CM: I love a smaller, intimate dinner party, with dimmed lights and candles, where the dishes are a mix of personal and communal & the wine never stops being poured.

Let’s Have Some Fun!
MG: If your kitchen had a theme song every time you cooked, what would it be?
CM: Probably one of my old Arabic-Israeli Jewish tunes I’m always humming while cooking.
MG: What’s the funniest or most unexpected request you’ve ever gotten from a client or guest?
CM: When a client called and asked me to prepare dinner without any middle eastern flavors!
MG: Have you ever had a total cooking fail that ended up being a happy accident?

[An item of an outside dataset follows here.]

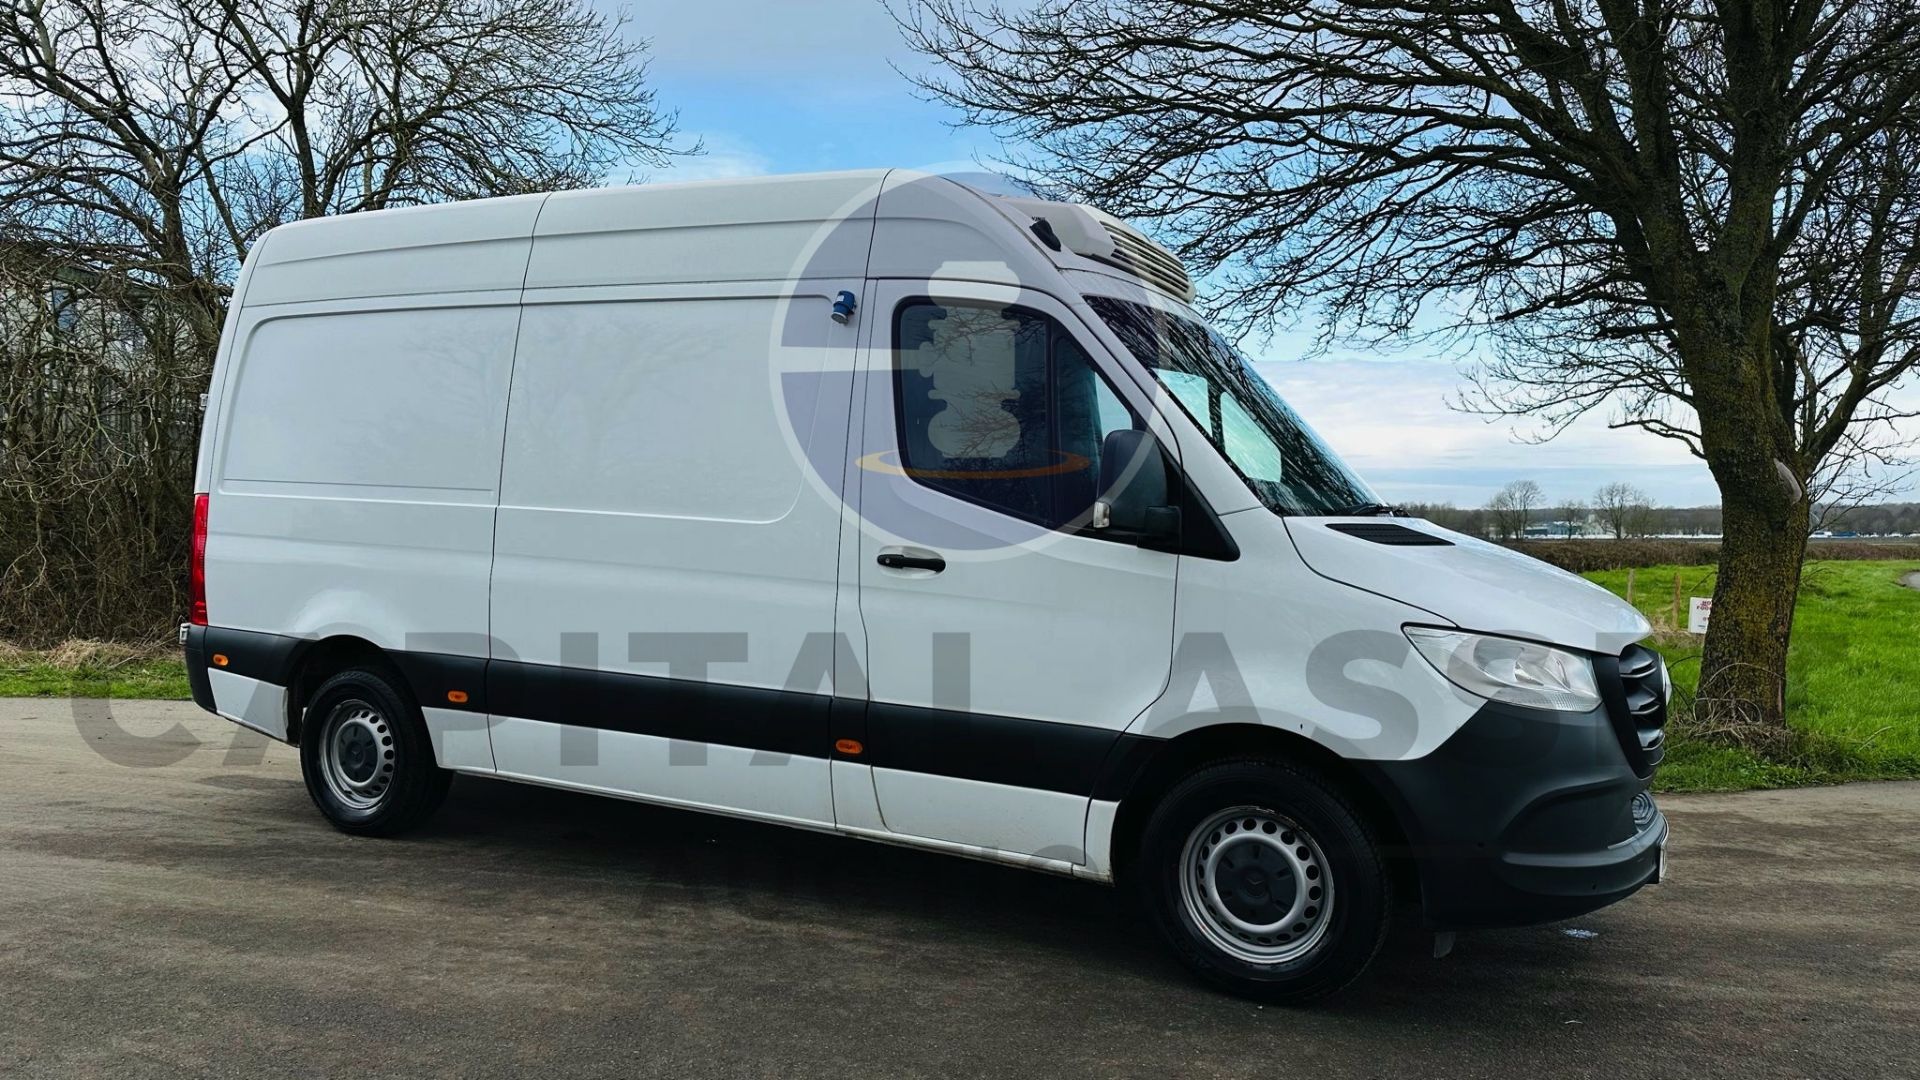 MERCEDES-BENZ SPRINTER 314 CDI *MWB - REFRIGERATED VAN* (2019 - FACELIFT MODEL) *OVERNIGHT STANDBY* - Image 2 of 41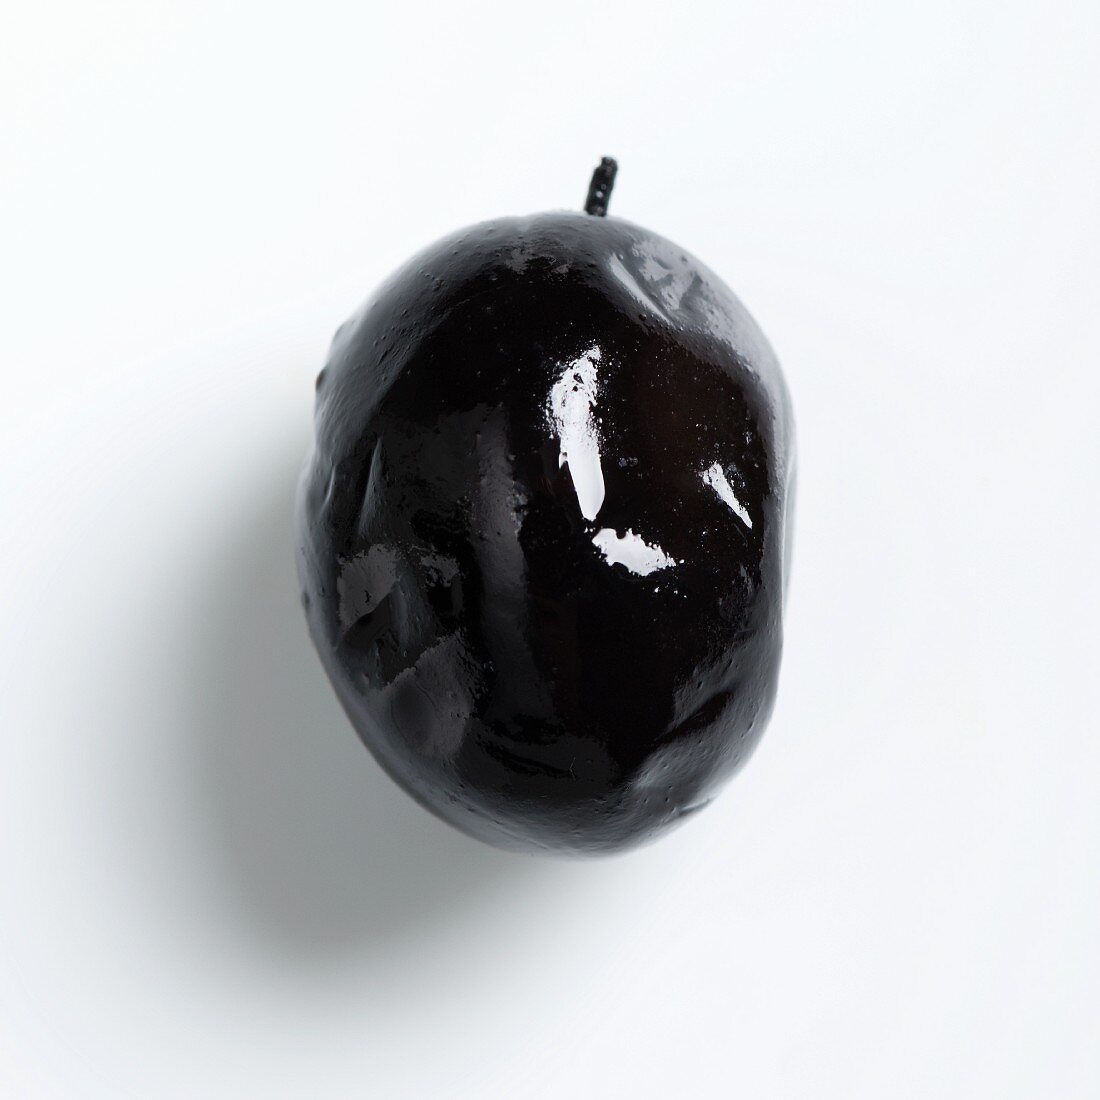 A black olive on a white surface

CM: I truly, truly, truly don’t.
MG: Sweet or Savory?
CM: I really need both! I never skip dessert.
MG: Favorite Snack
CM: popcorn with butter
MG: Have you ever been to Paris or France? If so, what did you love about it? Any memorable culinary experiences? Any Favorite restaurants/shops/dishes you ate?
CM: Yes, when I was 10. So, wine and after having a French omelet and I was hooked.
Chef Mushka is more than a chef—she’s a storyteller of flavor, weaving heritage, intuition, and bold creativity into every dish she serves. From her roots in Crown Heights to her culinary awakening in Jerusalem, her journey is as rich and layered as the meals she creates. Entirely self-taught, she redefines tradition with soulful warmth and fearless imagination—leaving every table she touches a little more vibrant, and a little more unforgettable.